Lockdown continues, but many essential services are operating at a high level. From Gauteng’s Heliport, three companies tell the story in images.
On 1 December 2018, the first part of the Ultimate Heliport facilities were completed at Midrand after four years of planning. Located on 8ha of land, Phase 1 of the Heliport houses over 40 helicopters, 3,100sq m of hangars, offices, maintenance facility, executive boardrooms, restaurant and VIP lounge where customers are able to host meetings upon arrival or prior to departure.
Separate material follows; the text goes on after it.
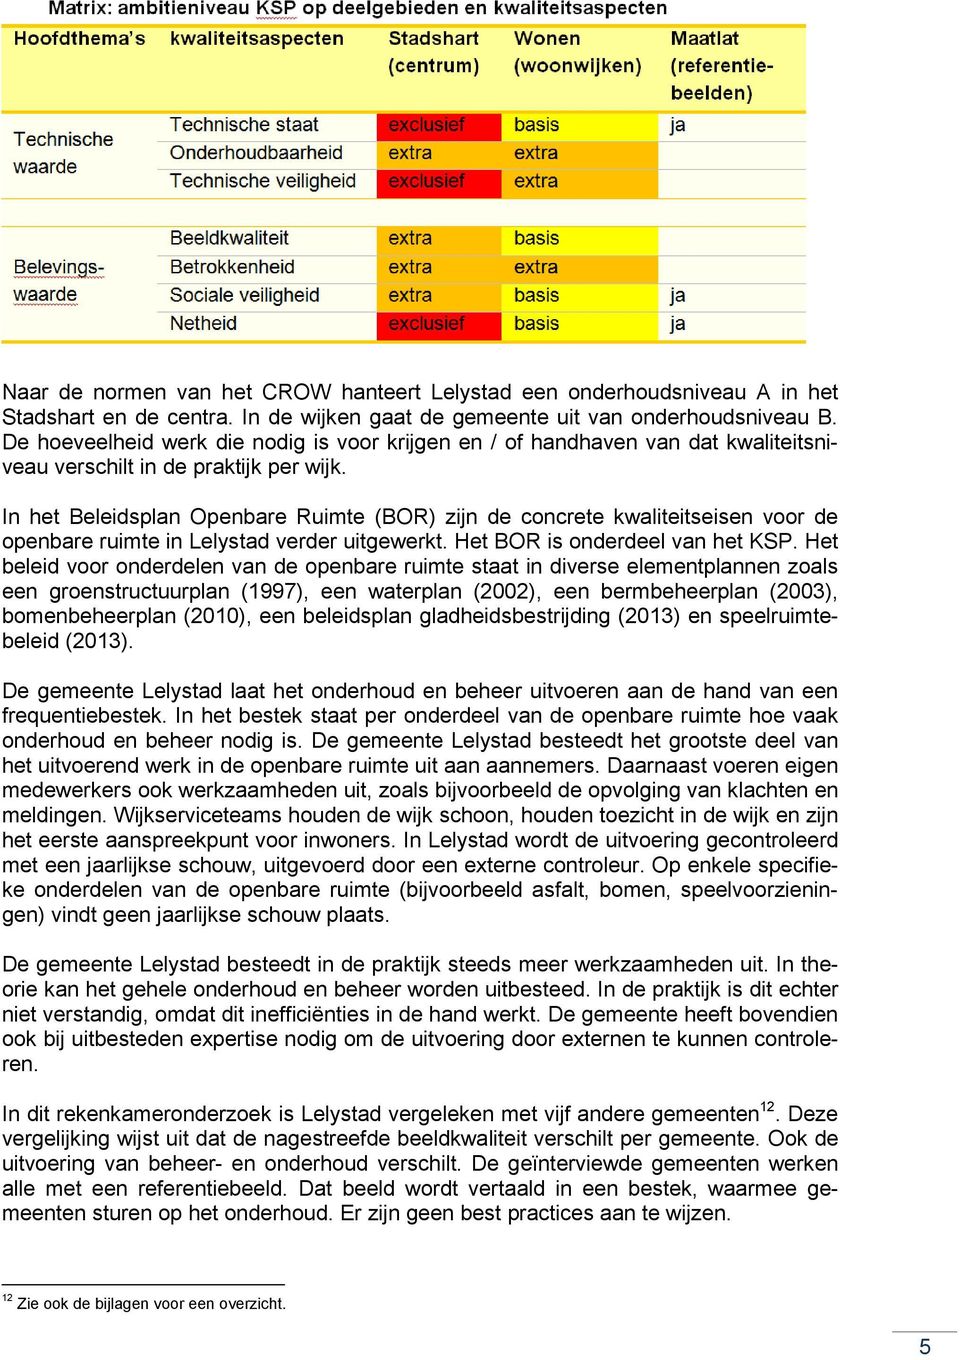 In het Beleidsplan Openbare Ruimte (BOR) zijn de concrete kwaliteitseisen voor de openbare ruimte in Lelystad verder uitgewerkt. Het BOR is onderdeel van het KSP.

The second phase of the project, planned by Ultimate Heliport CEO Shaun Roseveare and soon to be built on an adjacent piece of land, will include additional hangars, more offices and the latest flight simulators, in keeping with the company’s aim to transform the facility from a heliport into a complete aviation services node.
Heliport manager Keith Batchelor says, “It is important that only essential staff remain present during the pandemic in order to refuel from the facility during the lockdown, which allows for vehicle tracking, surveillance and emergency services such as air ambulances, for example, to function. Limited maintenance staff are on site in case of possible and necessary work to be done on the machines that are running during this time.”
Key staff members, as stipulated by President Cyril Ramaphosa, are operating from the facility while others are available remotely to assist with queries.
Bidvest Protea Coin
George Tonking and Mark Stewardson, pilots for Bidvest Protea Coin, delve a little deeper into operations during lockdown. Chief pilot Tonking explains that the company has been rather busy during the past month or so and 180 hours have been flown. They might be flying frequently, but both pilots say they have never seen airspace so quiet.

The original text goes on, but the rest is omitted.